Performance of NaCL vs. PNaCL
May 30, 2014
Since I am now able to build my experimental vector-based mathematics application Osoasso using Portable Native Client (PNaCL) with exceptions enabled, I decided to test the performance of PNaCL.
A confession
I chose to test the performance of Native Client (NaCL) and PNaCL by multiplying two \(nxn\) matrices, with \(n=1024\). The Osoasso code can use multiple threads, but I must confess that my current matrix multiplication implementation does not scale well. In fact, it scales only to about three threads, so these numbers are not nearly as good as they could be. Still, they do provide an interesting comparison between NaCL and PNaCL, at least in my code base.

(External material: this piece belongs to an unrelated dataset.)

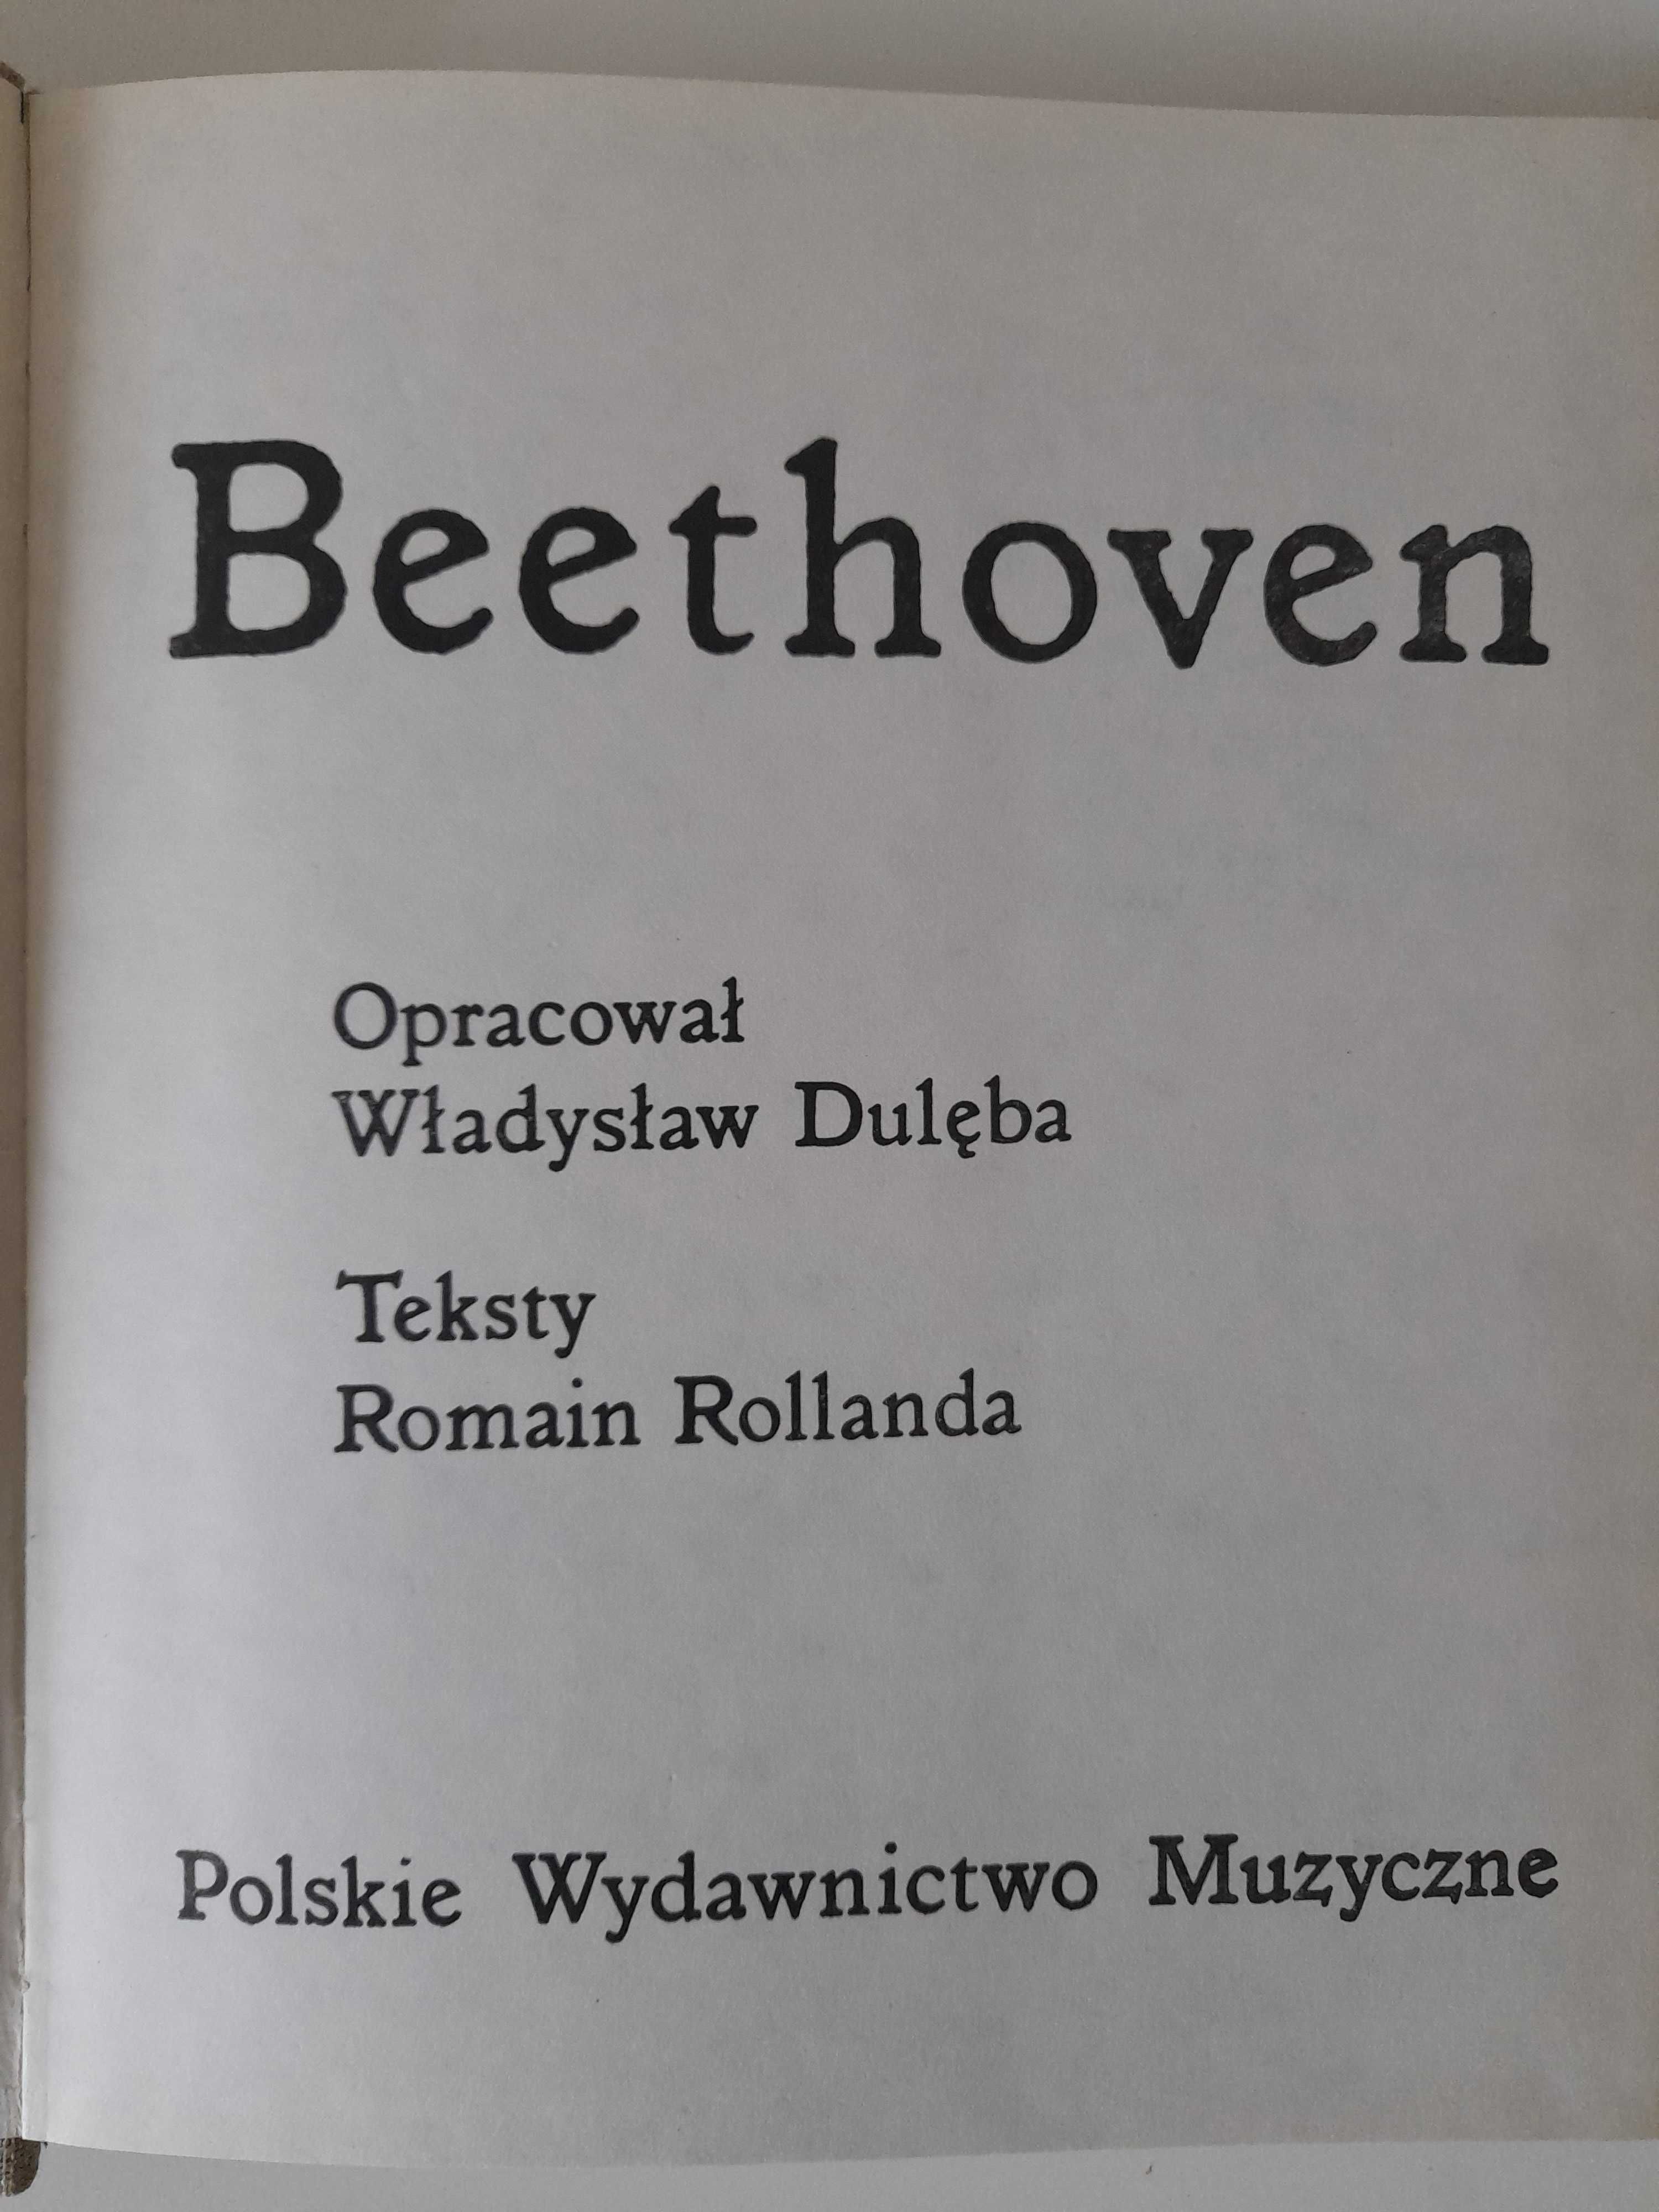 Beethoven Władysław Dulęba, Romain Rolland

I ran both tests on two machines, a dual core Intel T2050 1.6 GHz laptop and an Intel Xeon X5675 3.7GHz with 12 cores. On the former machine, I used two threads, on the latter machine I used three threads.
NaCL performance
I multiplied the same two matrices made up of randomly generated double values five times using version 19 of Osoasso. This version is built with the NaCL newlib tool chain, and it requires the Native Client flag be enabled in Chrome. Here are the results:
Machine | Intel T2050 1.6 GHz | Intel Xeon X5675 3.7GHz |
---|---|---|
Run 1 | 40.6093 | 8.76589 |
Run 2 | 40.636 | 8.9953 |
Run 3 | 41.5904 | 9.111 |
Run 4 | 40.756 | 9.11112 |
Run 5 | 40.81 | 8.84316 |
Average | 40.88034 | 8.965294 |
MFLOPS | 52.531 | 239.533 |
PNaCL performance
Again, I multiplied the same two matrices made up of randomly generated double values five times using version 20 of Osoasso. This version is built with the PNaCL tool chain, and it does not require the Native Client flag be enabled in Chrome. Here are the results:
Machine | Intel T2050 1.6 GHz | Intel Xeon X5675 3.7GHz |
---|---|---|
Run 1 | 47.2024 | 7.48539 |
Run 2 | 47.8889 | 8.73858 |
Run 3 | 49.0555 | 8.94701 |
Run 4 | 47.7729 | 8.91277 |
Run 5 | 48.9688 | 9.01714 |
Average | 48.1777 | 8.620178 |
MFLOPS | 44.574 | 249.123 |
Comparison
These results present a mixed bag. While the performance of PNaCL was consistently worse on an older, dual-core laptop, it performed slightly better on a Xeon processor. For my experimental application at least, the cost of using PNaCL seems to be worth the benefit of portability. Now that the PNaCL build is the default for Osoasso, it can run in Chrome without the need to enable special flags.